By Maya Boeye, AI Researcher & Analyst - DiligentIQ
DiligentIQ's new Agent Mode is our latest step in making Large Language Models (LLMs) work better for you. The Agent Mode feature adds an intelligent decision-making layer to query processing. At its core, Agent Mode acts as an intermediary, refining user queries and determining the most effective path for information retrieval and analysis.
When activated, Agent Mode executes a two-step process:
This dynamic approach chooses between local document analysis and web-based information retrieval. To implement this, we utilize Langgraph, a library developed by the creators of Langchain. Langgraph provides a flexible framework for defining each step in query processing as individual nodes, such as query rewriting and retrieval, within a graph. Importantly, not all nodes are executed in every interaction. At certain points in the graph, we ask the LLM to determine the course of action, which then dictates the path taken. While this branching decision is currently the sole decision point, the framework allows for future expansion, enabling additional decision nodes to be added as we continue refining and enhancing the Agent Mode feature.
In September 2024, I, along with AI Researchers Lila Karl and Michael Van Demark, conducted a comprehensive evaluation of the Agent Mode feature's effectiveness during the query rewrite step. This study involved testing 30 prompts with Agent Mode activated and the same 30 prompts without the feature activated, across three advanced language models: ChatGPT-4 Omni (August), ChatGPT-4 Omni (May), and Claude V3.5 Sonnet. The queries tested were chosen because they require only standard RAG on Deal documents, allowing us to assess whether the agent would unnecessarily opt for web searching or scraping when the provided deal documents were sufficient. As anticipated, the agent consistently chose the standard RAG approach, demonstrating its ability to make correct decisions in query processing.
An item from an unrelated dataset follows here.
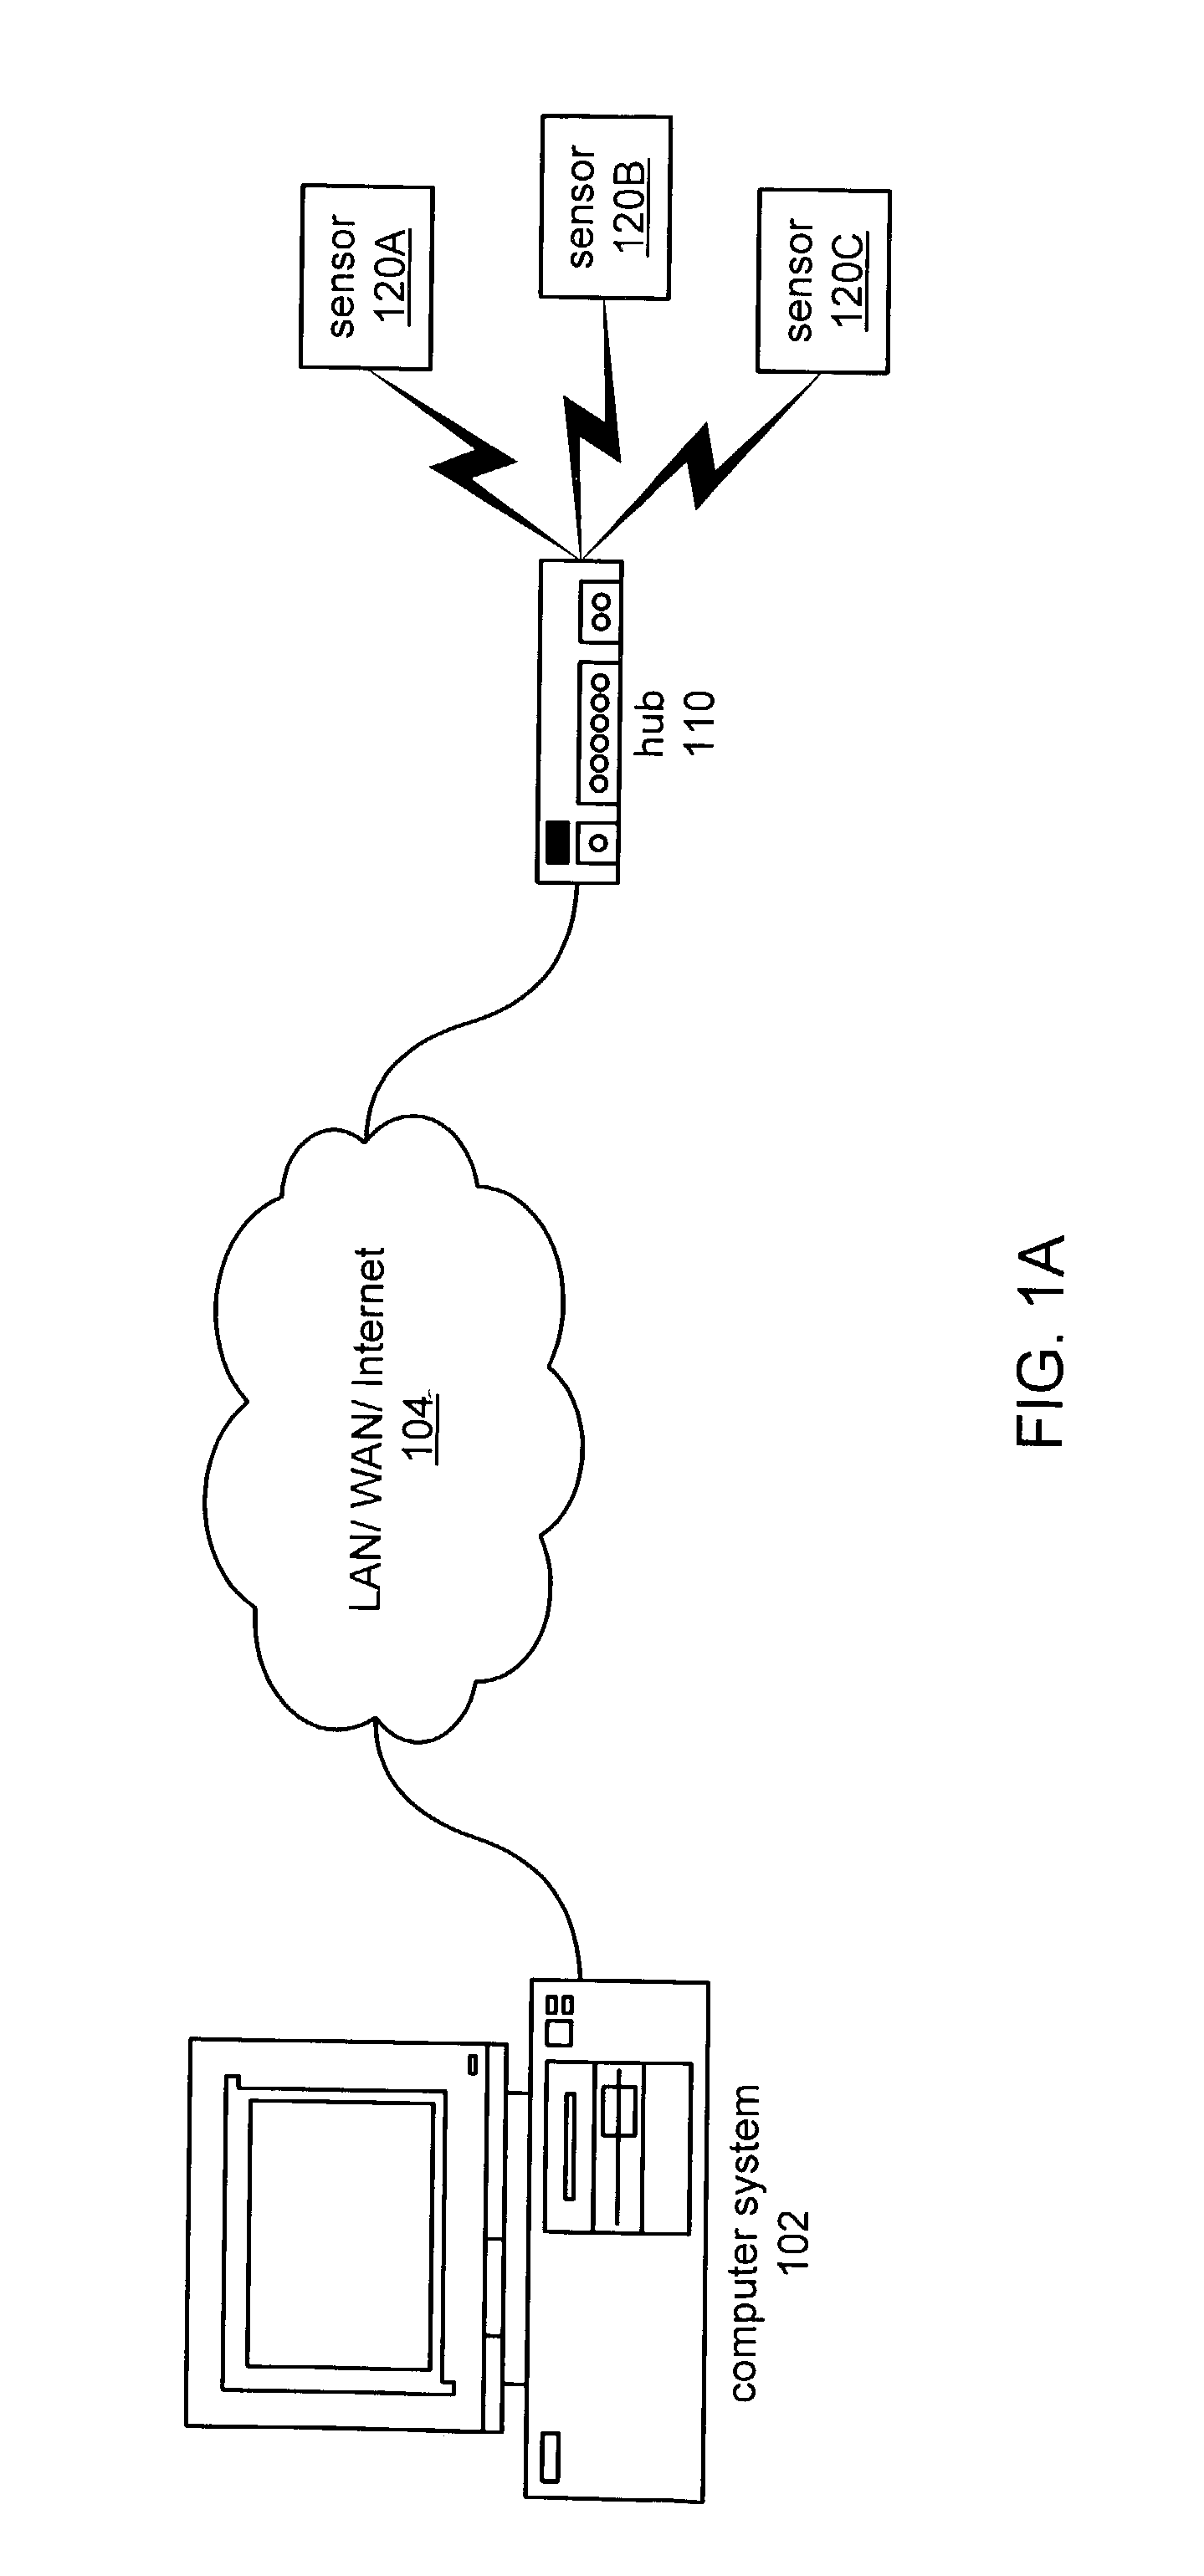 Wireless deployment / distributed execution of graphical programs to smart sensors

Our test results and complete statistical analysis can be found in this Agent Mode Testing Report.
Performance Comparison: Agent Mode On vs. Off
Following the validation of Agent Mode's decision-making, we compared the models' response quality with and without Agent Mode to measure its impact on performance. The responses were rated on accuracy, problem solving, relevance, and sourcing. The findings varied slightly by model, but the overarching takeaway was clear: the introduction of this new decision-making layer did not harm overall performance.
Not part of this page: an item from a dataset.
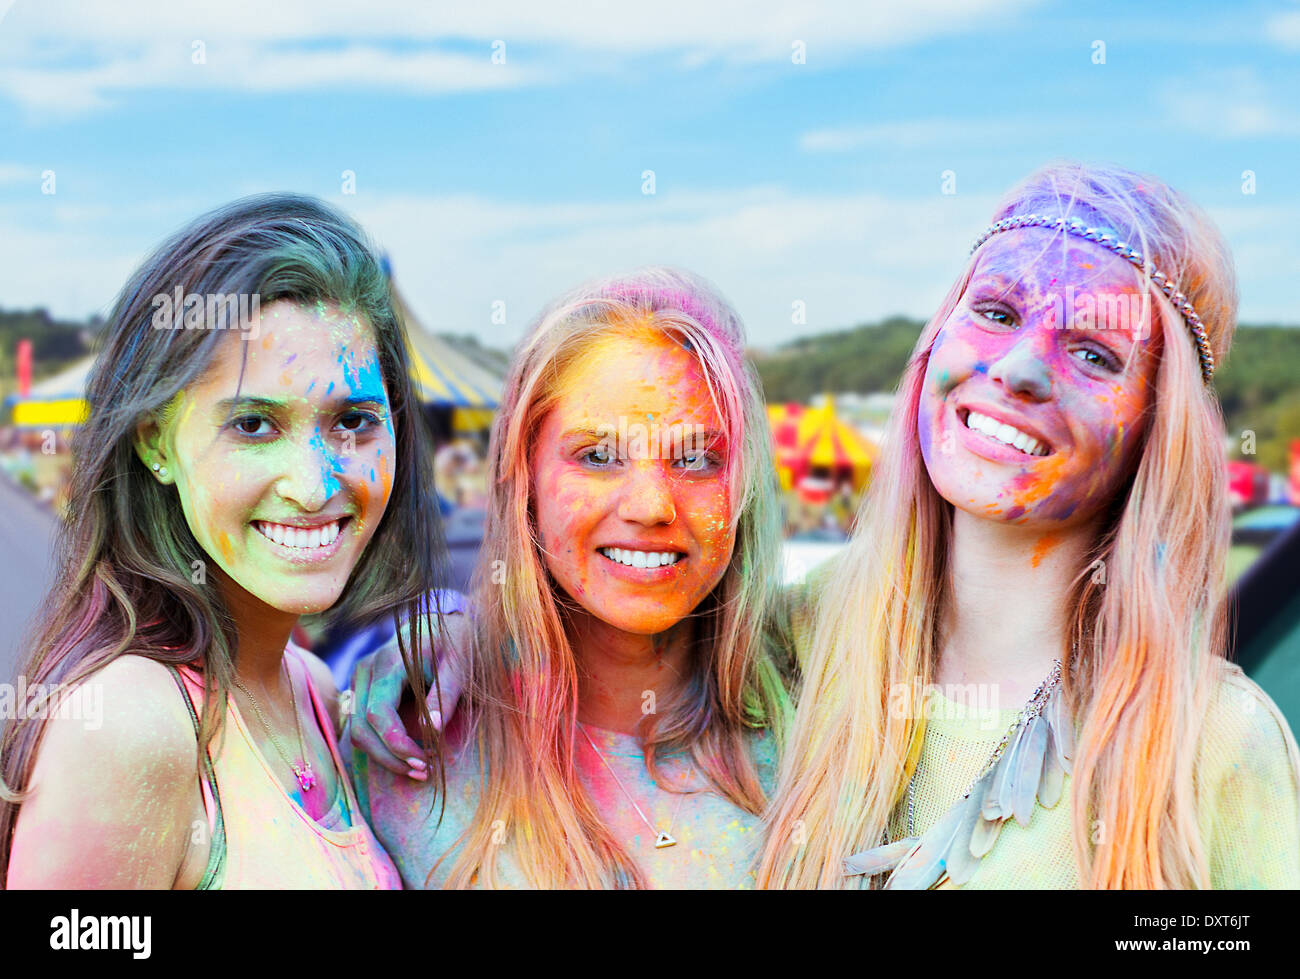 Portrait of smiling women covered in chalk dye at music festival Stock Photo

These results demonstrate that even with an additional layer of query rephrasing and decision-making, the accuracy and relevance of responses remained stable across all models tested. Agent Mode was able to identify the correct path and refine the user query without negatively impacting the models' overall ability to return valuable information.
General LLM Performance Insights
Beyond the impact of the Agent Mode feature, our testing provided valuable insights into the general performance of these cutting-edge language models. ChatGPT-4 Omni August consistently demonstrated superior performance across most metrics when operating without Agent Mode on. It excelled particularly in accuracy and sourcing capabilities. The May version of ChatGPT-4 Omni, while slightly behind its August successor, still showed strong overall performance, especially in terms of relevance to user queries.
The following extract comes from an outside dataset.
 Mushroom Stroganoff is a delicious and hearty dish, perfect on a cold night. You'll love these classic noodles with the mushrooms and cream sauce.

Claude V3.5 Sonnet presented a unique and diverse performance profile during testing. While the ChatGPT-4 models excelled in accuracy and sourcing, Claude V3.5 Sonnet showcased impressive strengths in other areas. Claude V3.5 Sonnet exhibited higher usage of problem-solving capabilities and a propensity for generating additional insights beyond the provided information. This suggests that Claude V3.5 Sonnet could be particularly valuable for tasks that require creative thinking or complex reasoning. For more information regarding each model’s performance, check out our full report linked above!
The introduction of Agent Mode represents an advancement in how AI processes and responds to queries. By incorporating a two-step decision-making process, powered by tools like Langgraph, we’ve created a more flexible system that dynamically chooses the best path for each task. Our testing revealed that the models maintained their strong performance, with no statistically significant drops in accuracy, sourcing, relevance, or problem solving when this new feature was activated. This recent study demonstrates that Agent Mode successfully interprets and rephrases queries while selecting the appropriate path for each task, all without diminishing the precision of the models’ output.
Moving forward, Agent Mode is poised to balance innovation and reliability, allowing for future growth and more intelligent AI interactions. With the flexibility to expand decision nodes and the continued refinement of the underlying technology, we are confident that Agent Mode will be a critical tool in pushing AI boundaries, without sacrificing performance or precision.